Alfredo's old man, though, will have none of it. With Violetta, who is keeping them both, already so in debt that she is having boot sales all around Paris, Giorgio Germont (Anthony Michaels-Moore) comes straight to the point by telling Violetta that she is "ruining" his son. He blackmails her into leaving Alfredo with some cock and bull story about the wedding of Alfredo's sister not going ahead unless he returns home. Violetta, though, suddenly realises she does know what love is: "Can you see what tremendous burning love I feel for him?" She even confesses about her illness, but Germont, the pitiless swine, has none of it and tells her that, like most marriages, "tedium will follow quickly".

At this stage Violetta should have told him to push off. Now, I had a problem once with the mother of a girlfriend who threatened me with a knife. Did I run for it? No way. It broke up eventually, but I would like to think it's because the young woman in question and I didn't like what we saw in front of us, rather than me fretting about a knife-wielding crazy mama coming up behind me. But Violetta was bullied psychologically by a smooth-talker, who did not want his boy cohabiting with a woman of dubious morals. Germont even spouts some crap about her continuing to live, mind you with someone else's son. That despite Violetta already informing him that her illness is pretty terminal. Then he has the nerve to tell her to "be happy" before she writes a note to Alfredo, telling him it's all over and she's off.

Alfredo gets cross, well he is played by a Maltese tenor. Well he doesn't just get cross; he is livid, as is borne out when they see each other again around a gaming table at their friend Flora's house. Before that matadors and gypsy girls join the guests in a song and dance in a room vibrating with deep colours. Then it gets serious. Violetta arrives with Baron Douphol (Eddie Wade). The Baron and Alfredo play a game of cards that is more like the duel that is to come later, with Alfredo, both times, coming out on top. Violetta makes out she is in love with the Baron. Alfredo calls everyone back into the room and throws his winnings at Violetta; paying back everything he owes her. She faints again and it is Alfredo who is humiliated by his actions. Even his father shuns him: "Where is my son? I cannot find him."

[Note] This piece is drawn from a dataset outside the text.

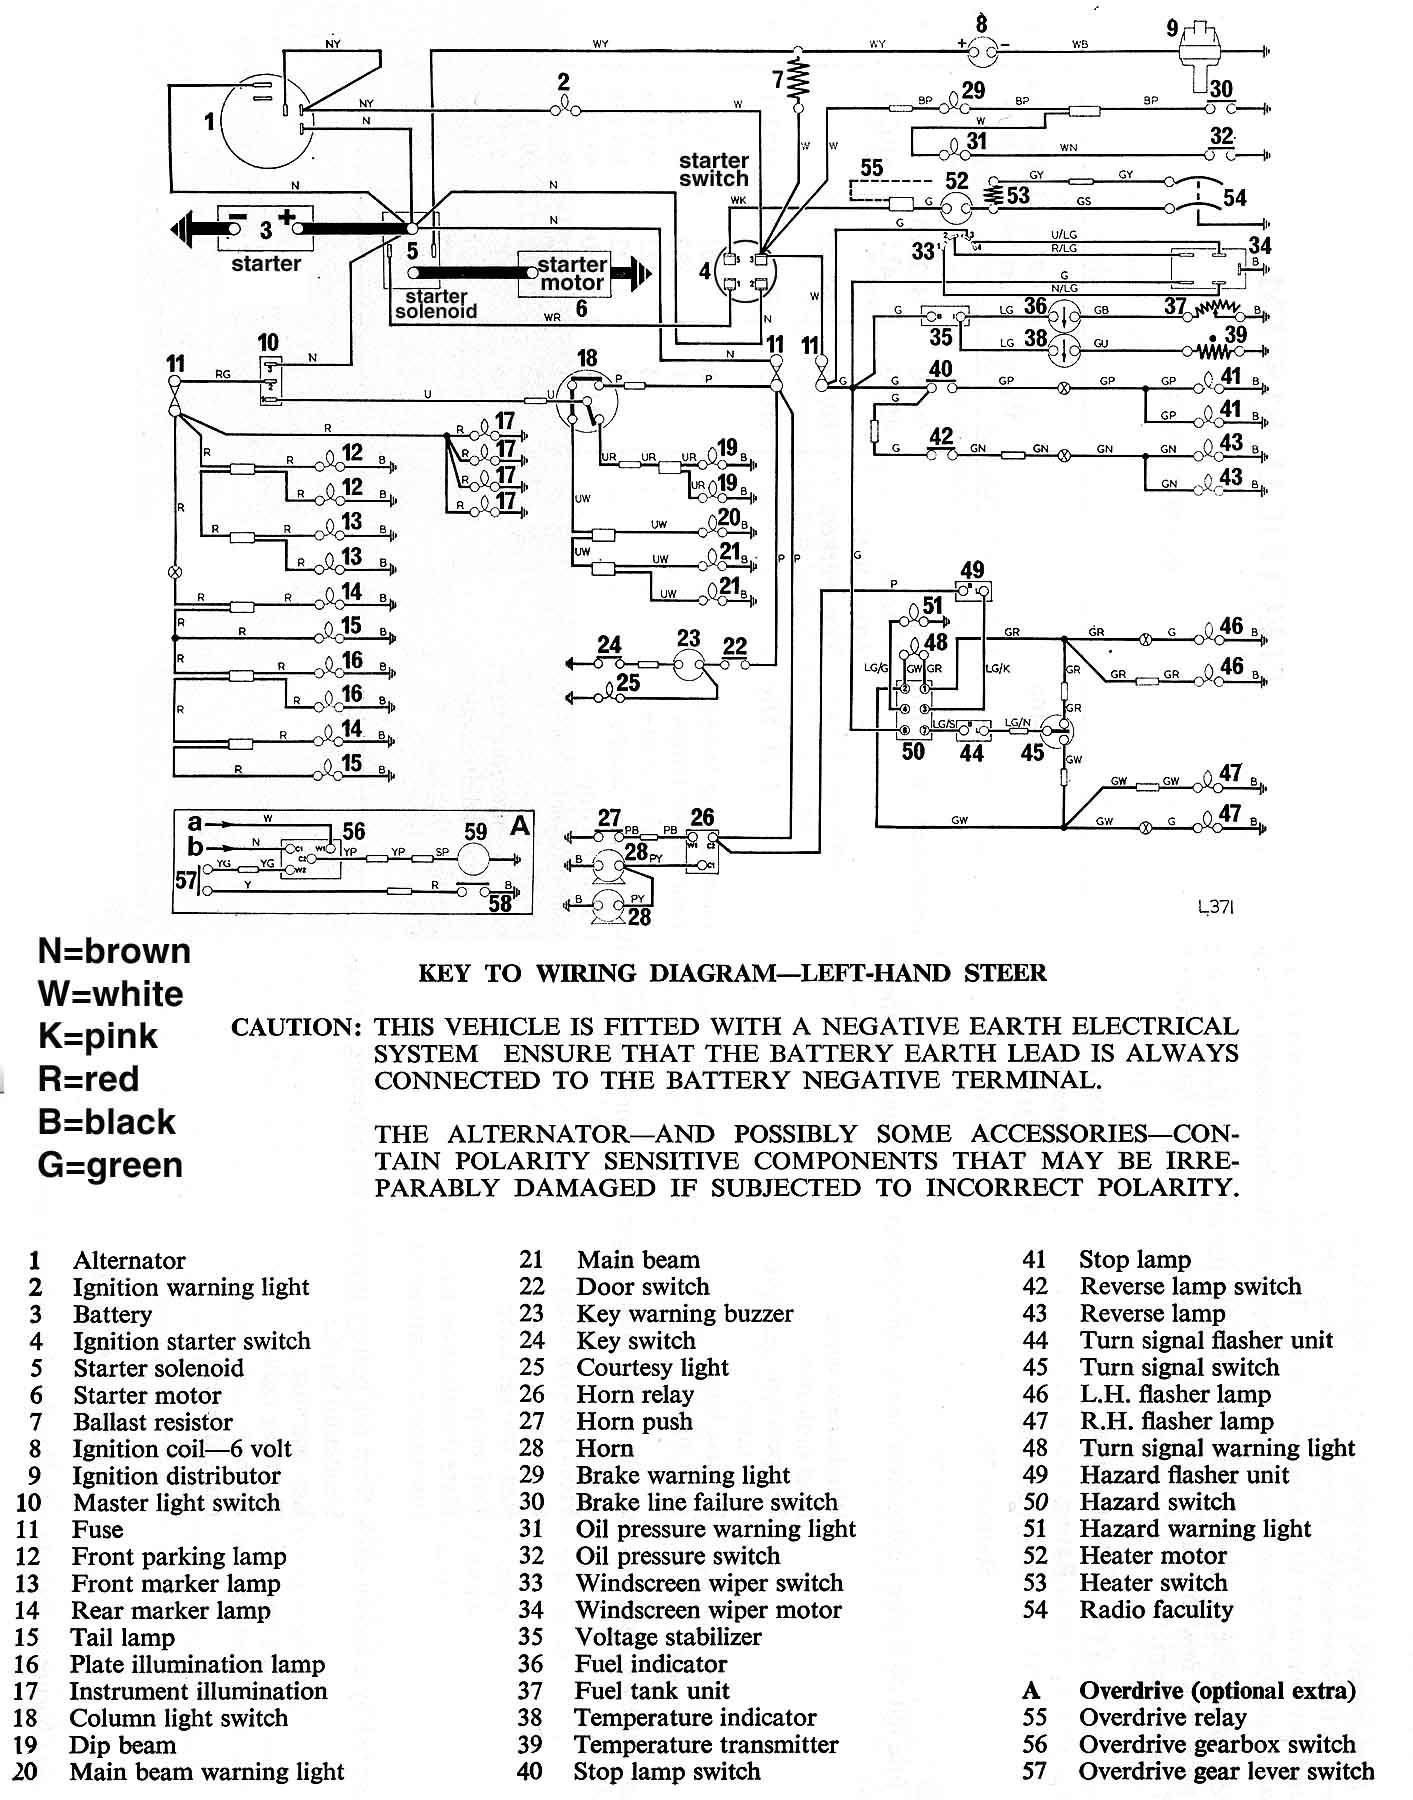 Spitfire/GT6 Relay and Blinker Information

Pulling of the heart strings

Act Three is a death scene as powerful as any, with the despair of the mad scene in Lucia di Lammermoor, Donizetti's highland fling, coming to mind. Violetta's consumption has got worse, although not as much as that of some of the people sitting around me who seemed to have saved their most throaty of croaks for the end. Violetta, dressed in her nightgown, suffers with great yearning ("I miss so much Alfredo's love," she sings as the heartstrings get pulled every which way in Addio, del passato), lifting herself from her sick bed.

The bleakness of her room, and the weeping solo violin, contrasts with the colour of the carnival going on outside her window. Alfredo arrives only as she is about to breathe her last. "Forgive my father and me," he implores. "What is there to forgive?" she responds. Now Verdi should have turned a bit Faustian at this stage and let Violetta put a curse on Alfredo and his old man for what they did to her. But that's probably another opera altogether.

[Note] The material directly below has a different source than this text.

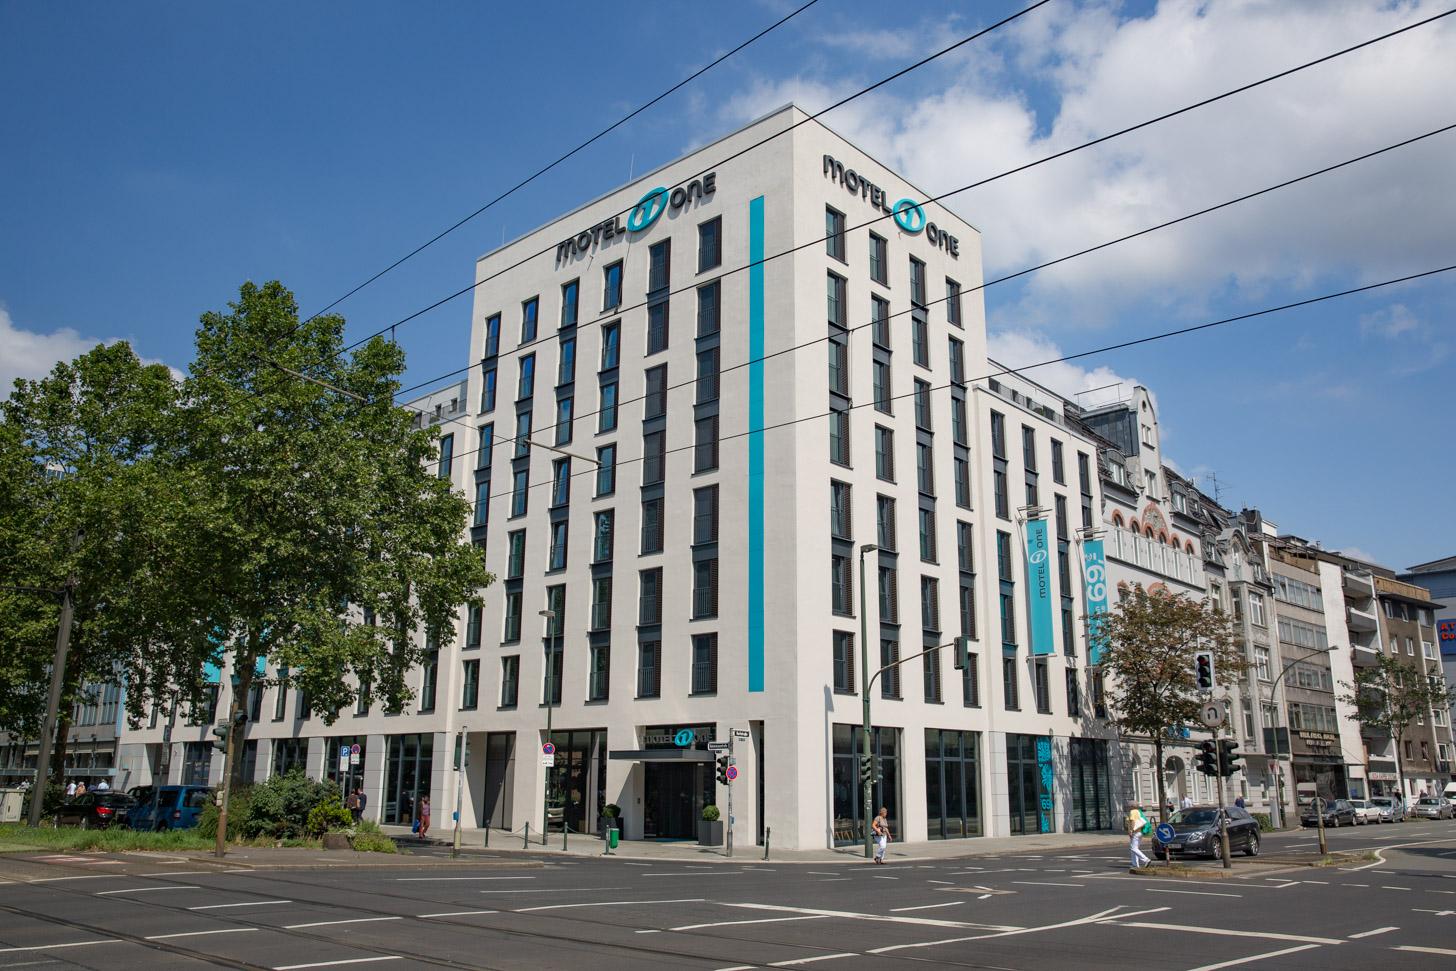 Motel 1 Düsseldorf

Still, she gives Alfredo a locket to remind him of her and for him to give to any future wife (as if any future Mrs Alfredo is going to want someone else's cast off). Alfredo's father is also repentant. "Forgive me for having made your heart suffer." Too late pal. She collapses and dies.

This is Violetta's opera and Amsellem is a soprano with great range and compassion. Calleja is a tyro tenor, who will eventually leave Traviata behind to move on to more demanding roles. Michaels-Moore provides one of the highlights with his duets with Violetta (Ah! Dite alla giovine makes you just sit up in your seat) as he tries, successfully, to persuade her to leave Alfredo. He should be the villain of the piece, and is, but with such singing he deserved to receive some of the loudest cheers of the evening.